This is the original version of the question. Please jump to the edit below as it makes the question clearer.
I don't have a lot of experience with bacterial NGS but have recently started working on a project that explores the differences (e.g. SNPs, indels) between bacterial strains. My first idea was to take a reference and go for some sort of GATK-based pipeline. I was thinking of first aligning the Illumina reads for strain A against a reference, find the indels and SNPs, than do the same for strain B and than compare the results. Then I realised that I might be beating around the bush here. Wouldn't it make sense to directly compare the raw reads of strain A to those of strain B and find out about the differences without aligning to an intermediate reference?
The closest equivalent setting I can think of would be in cancer genomics, i.e. comparing tumours to healthy cells. Would any of those cancer genomics pipeline be applicable?
EDIT
Judging from the responses I haven't expressed my case very well. Here is my project:
- I have a set of unknown strains of species A taken from, say, the oral cavities of a group of people. Each individual gives rise to a single sample. The bacterial species is cultured and then sequenced on MiSeq
- Similarly to above I have a set of unknown strains of the same species but taken from another body compartment - say the gut. This may (or may not) be the same people as above.

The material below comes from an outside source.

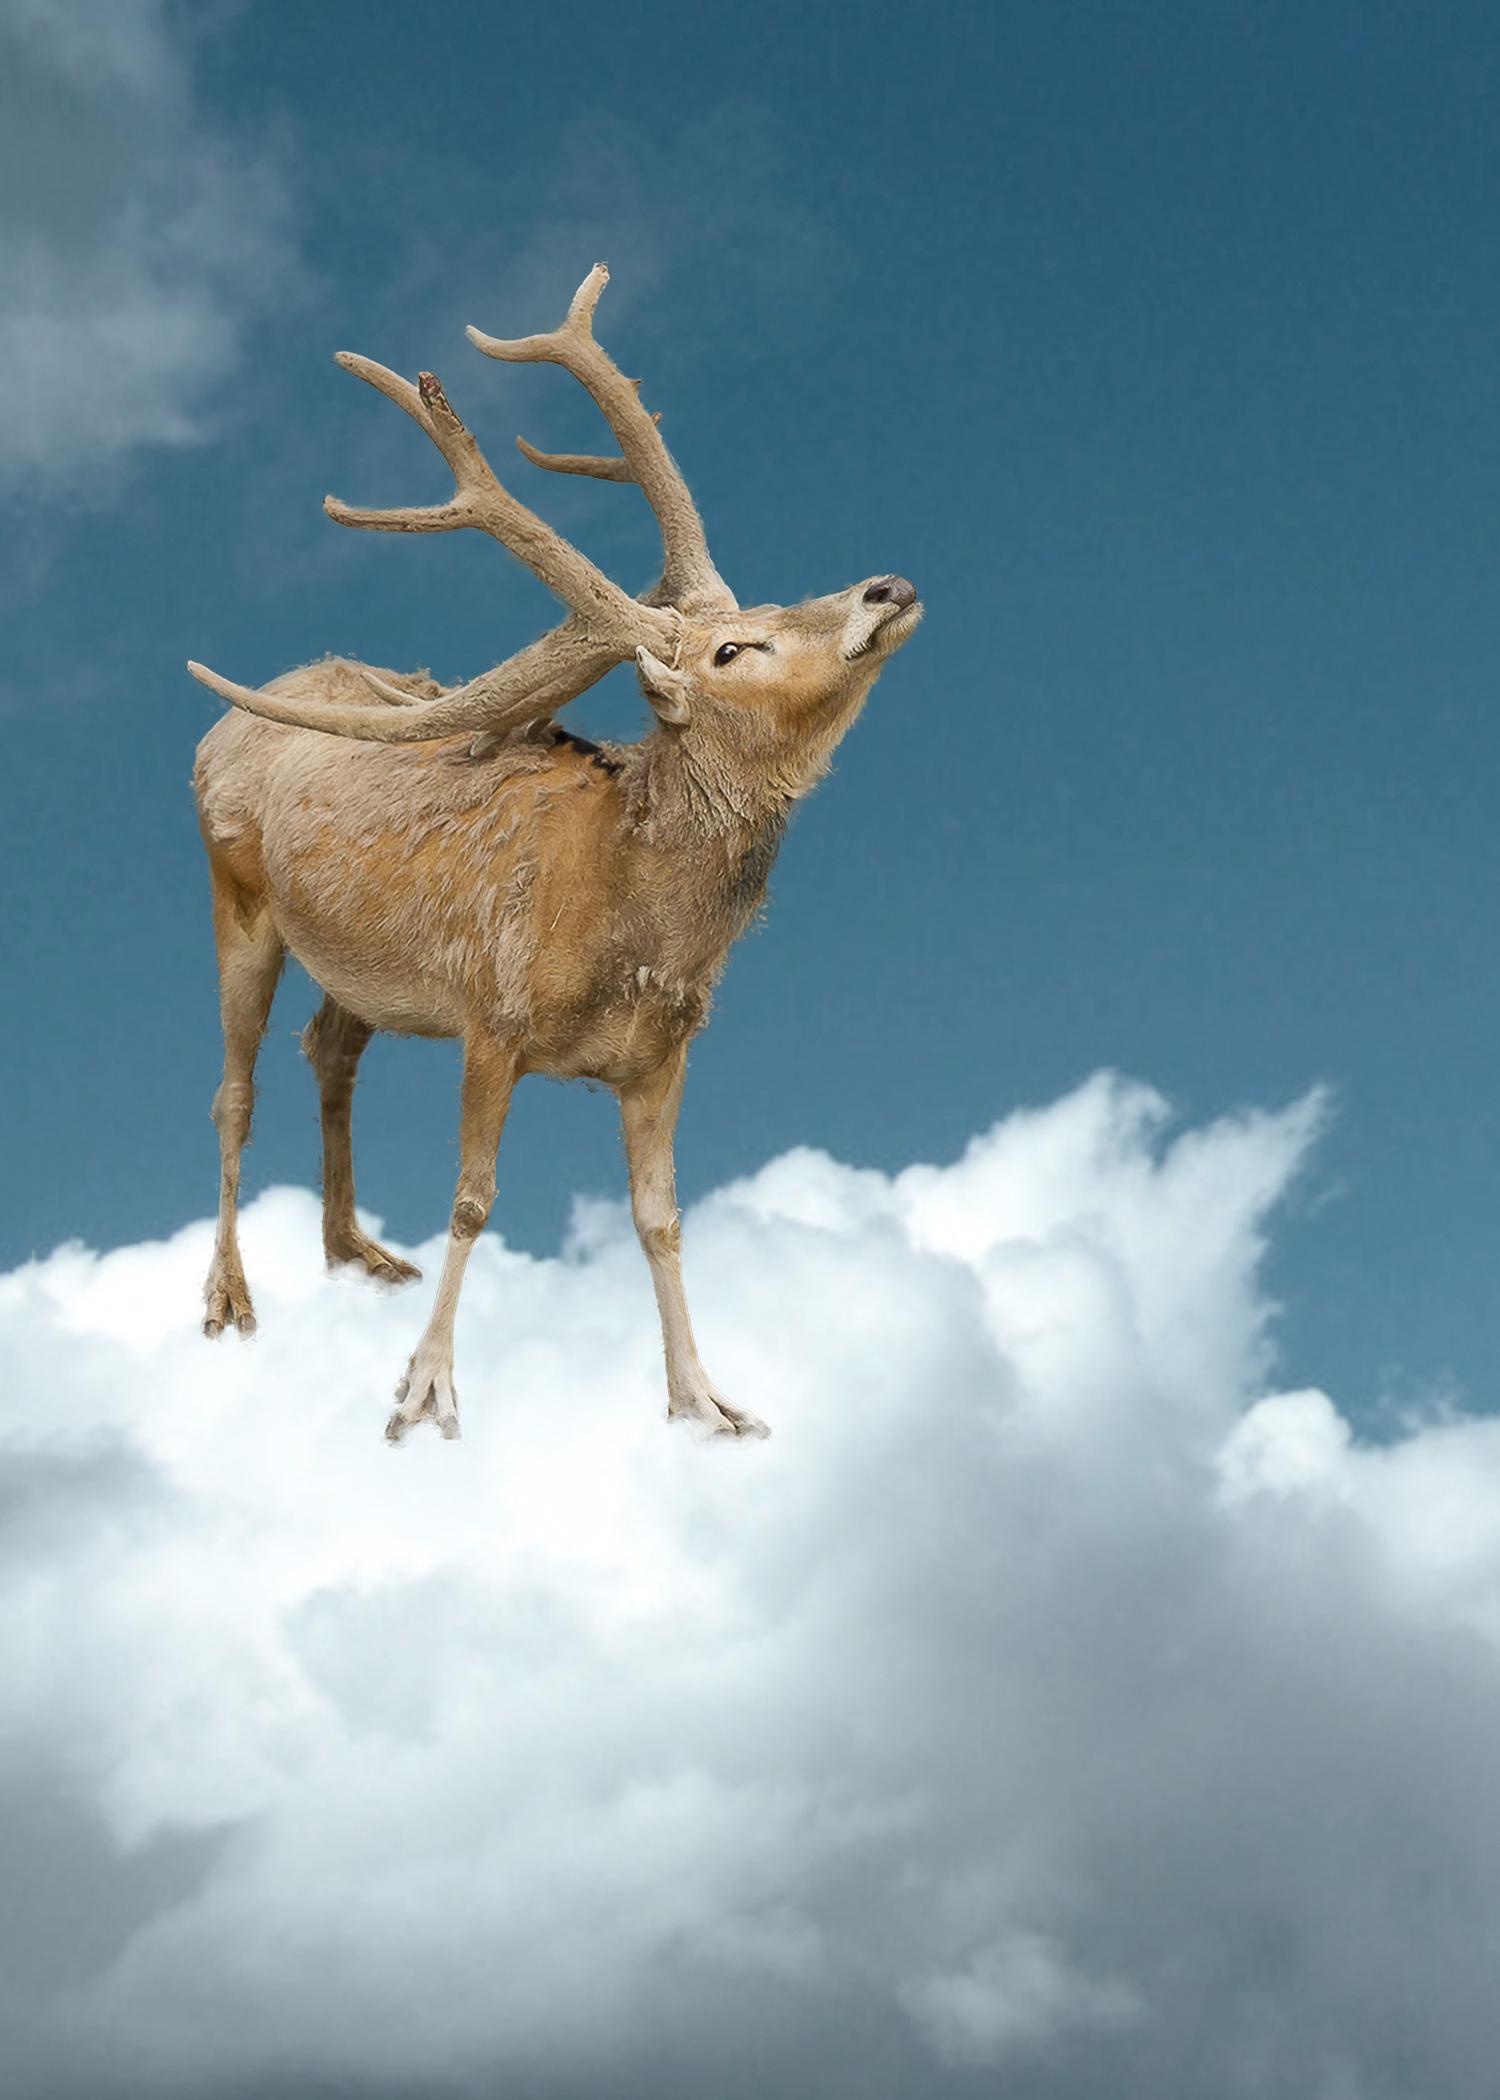 CENERINI_Cessation_(Père_David's_Deer)
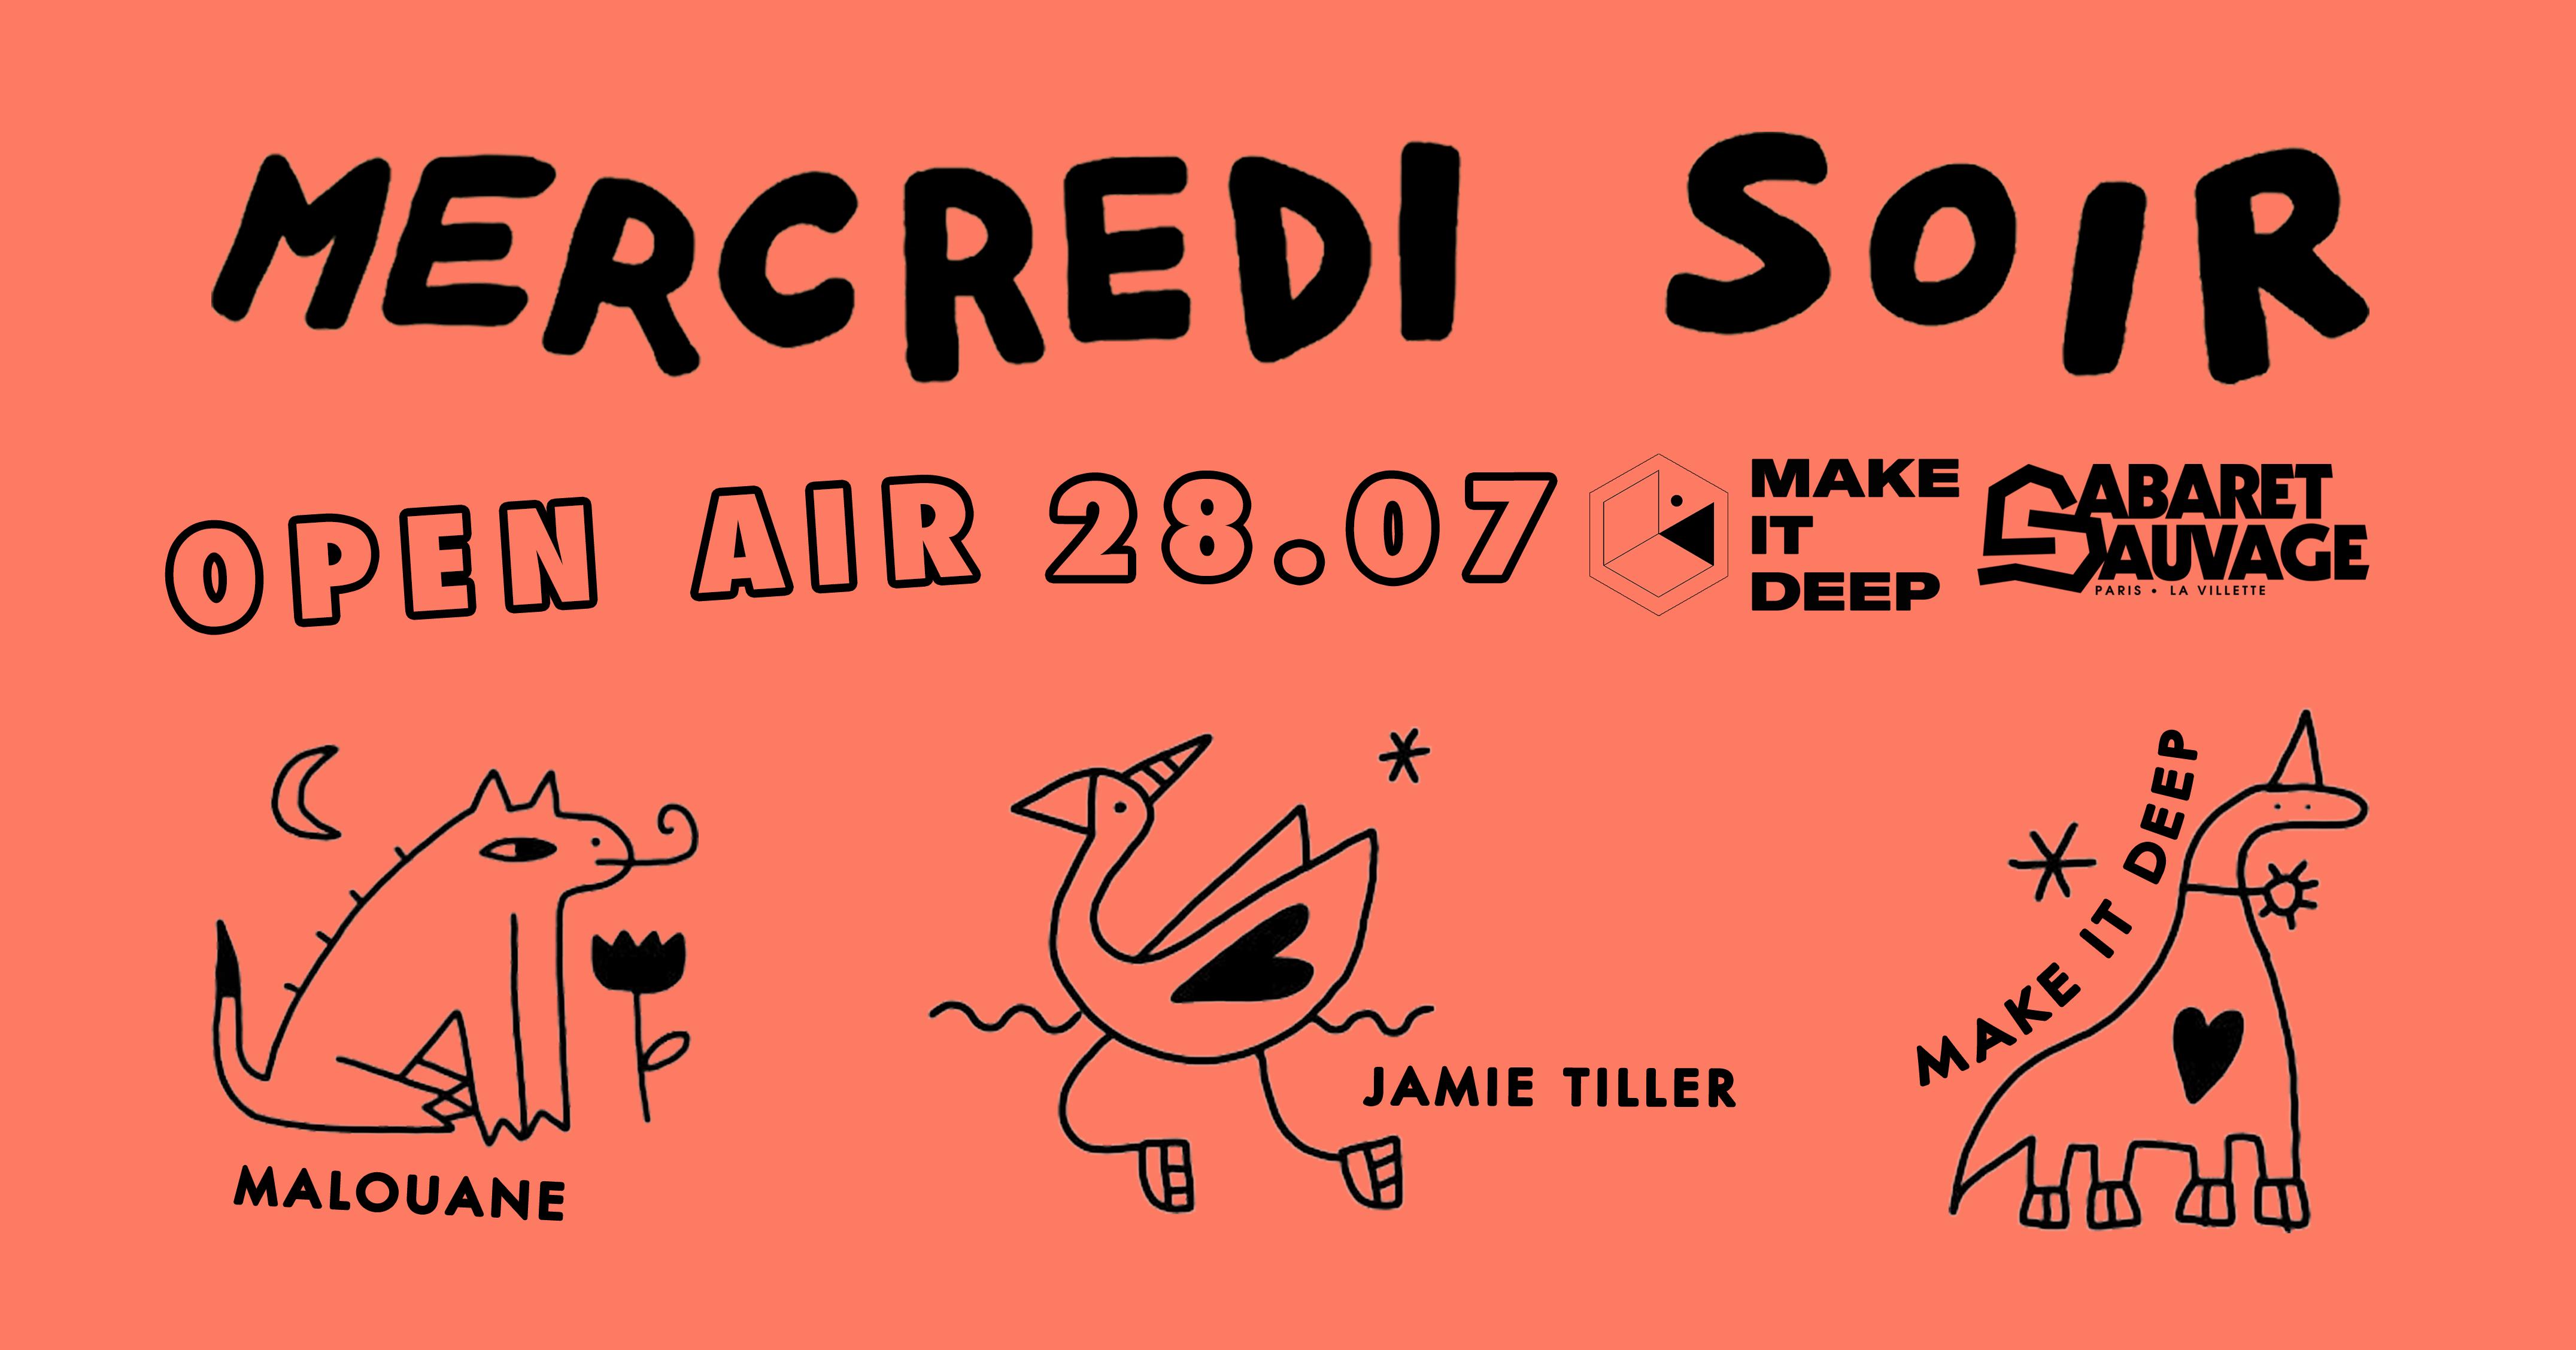 Mercredi Soir x Make It Deep : Jamie Tiller, Malouane, Make It Deep

The task is to find whether there is anything that systematically differs between the first and the second set.
I was first thinking of picking a reference and than doing alignment for each sample. But this poses the problem of picking the right reference. As we have dozens of samples this may not even be the same reference. Isn't there a way to compare the samples as sets so that you can say something along the lines:
- the first set lacks gene X
or
- the first set has a particular mutation in a gene Y
In order to be able to do make such statements do I really need to perform alignment on each sample in isolation?
Thanks, Dan. I've edited my question to make it more precise. Can you, perhaps, suggest a pipeline that would help me address this task?
Not beyond what I've already suggested really. I'm not an expert and have only dabbled in this area.